We can access JSON values in `json_data` object. For example, let us extract CIK information.

In [None]:
cik = json_data['cik']

# display the CIK number
cik

EDGAR API's JSON files store US GAAP XBRL facts in `us-gaap` node that is a part of `facts` JSON node.

In [None]:
# US GAAP tags are located under facts -> us-gaap
us_gaap_facts = json_data['facts']['us-gaap']
us_gaap_facts

To access values of a specific tag (concept), we need to indicate the tag's name and the units of measurement (e.g., currency).
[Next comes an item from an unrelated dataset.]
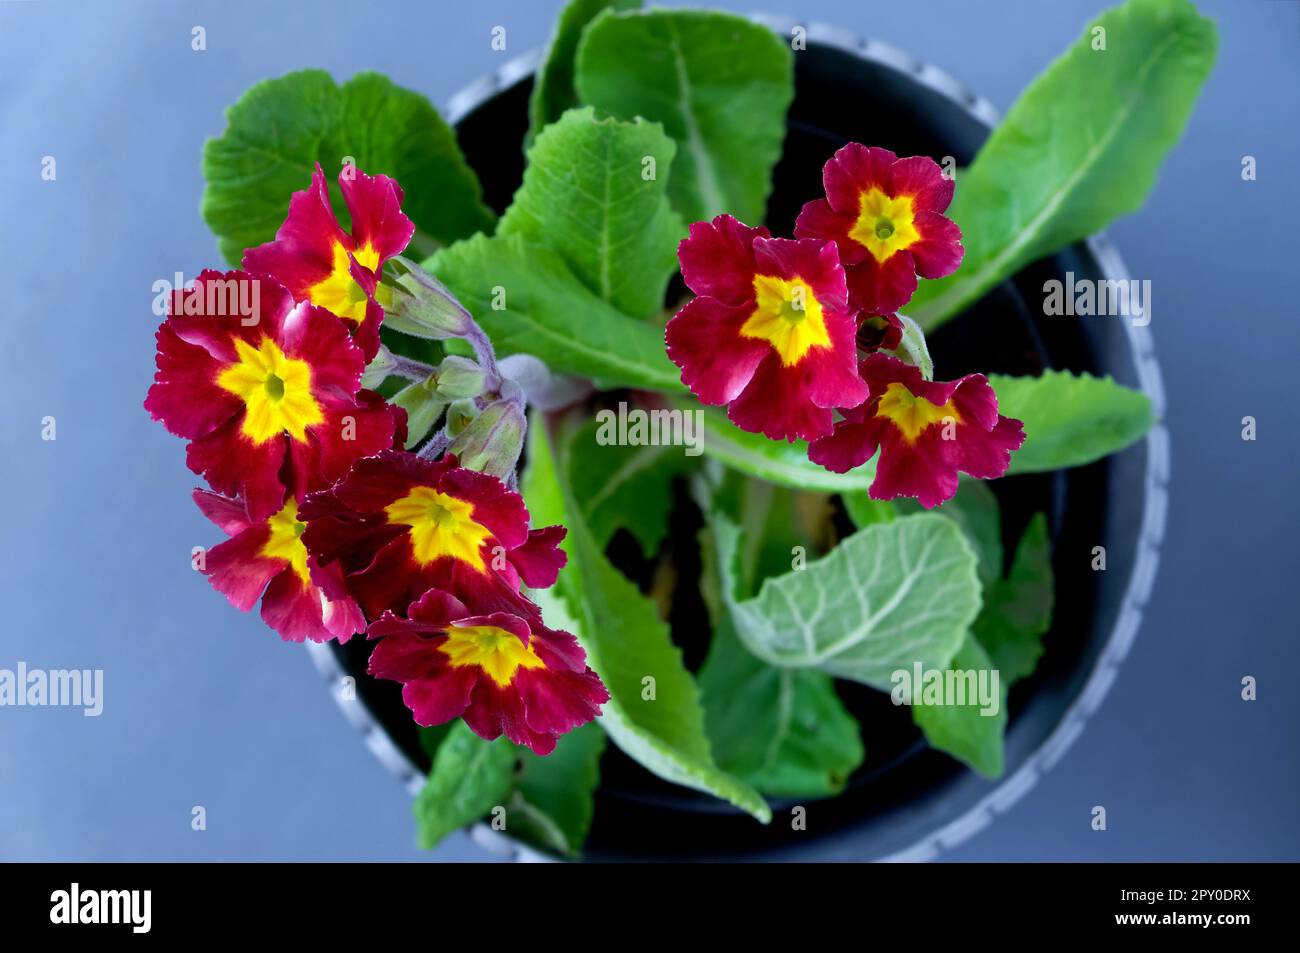 Primula elatior,Primrose,red-yellow flower petals,in full bloom against a light background close up,top view Stock Photo

For example, to list all values of Total Assets for the filer, we can use the following code:

In [None]:
total_assets_facts = us_gaap_facts['Assets']['units']['USD']
total_assets_facts

 While it is possible to read and understand raw JSON data, we can improve the presentation by convert JSON data to the tabular format:

In [None]:
# library to work with tabular data
import pandas as pd

# convert total assets facts to a dataframe (table)
total_assets_df = pd.DataFrame(total_assets_facts)
# display the first ten records of the dataframe
total_assets_df.head(10)

The resulting table has a number of duplicate values because the same numerica data were reported in multiple filings. We can keep only unique data by keeping the most recent data points for a given fiscal period.

In [None]:
# sort the values by the period end date, and for a given fiscal year and period type, keep the most recent XBRL facts.
# replace the original table with the resulting table
total_assets_dof = total_assets_df.sort_values('end',ascending=False).drop_duplicates(['fy','fp'])
# display the first ten records of the new dataframe
total_assets_df.head(10)

We can add values to the existing dataframe. For example:

In [None]:
# add CIK number
total_assets_df['cik'] = cik
# add tag name
total_assets_df['tag'] = 'Assets'

# display the first ten records of the dataframe
total_assets_df.head(10)

To extract all possible XBRL facts from a company's JSON file, we simply need to repeat all of the above steps for all XBRL tags present in the JSON data:

In [None]:
# create an empty list; it will be used to store dataframes for all XBRL tags present in the JSON data
tag_dfs = []

# loop over all XBRL tags, and process them one by one
for tag,details in json_data['facts']['us-gaap'].items():
    # we will only consider monetary XBRL tags measures in U.S. Dollars
     if 'units' in details and 'USD' in details['units']:
        # get all facts for the given tag
        tag_facts = details['units']['USD']
        # create dataframe
        tag_df = pd.DataFrame(tag_facts)
        # remove  duplicates
        tag_df =  tag_df.sort_values('end',ascending=False).drop_duplicates(['fy','fp'])
        # add CIK information
        tag_df['cik'] = cik
        # add tag name information
        tag_df['tag'] = tag
        # add the final table to the list of tables
        tag_dfs.append(tag_df)

Finally, we create a union of all the datasets in `tag_dfs` list that will result in a one big table with financial XBRL data.

In [None]:
# merge (vertically) alll the datasets
# the last part - reset_index(drop=True) - is optional; it simply resets index numbering
cik_df = pd.concat(tag_dfs).reset_index(drop=True)
# output the result
cik_df

### Keeping only annual data items

The above dataset contains both annual and quarterly data. If we are interested in the annual data only, we can filter the data items based on the value of fiscal period variable, `fp`.

In [None]:
# keep only annual data items
annual_cik_df = cik_df[cik_df['fp'] == 'FY'].reset_index(drop=True)
annual_cik_df

### Converting long data to wide

The table above has observations at the *company-period-tag* level (*long table* format). In most cases, we prefer wide table format where observations are at the *company-period* level with each XBRL tag having its own column (especially when we have observations for multiple companies). Therefore, in the next step, we will convert data to the *wide table* format.

In [None]:
# convert dataframe to the wide dataframe at the CIK, fiscal year, and fiscal period level
annual_cik_df_wide = pd.pivot(annual_cik_df, index = ['cik','fy','fp'], columns = 'tag', values = 'val').reset_index()
# display the wide dataframe
annual_cik_df_wide.head()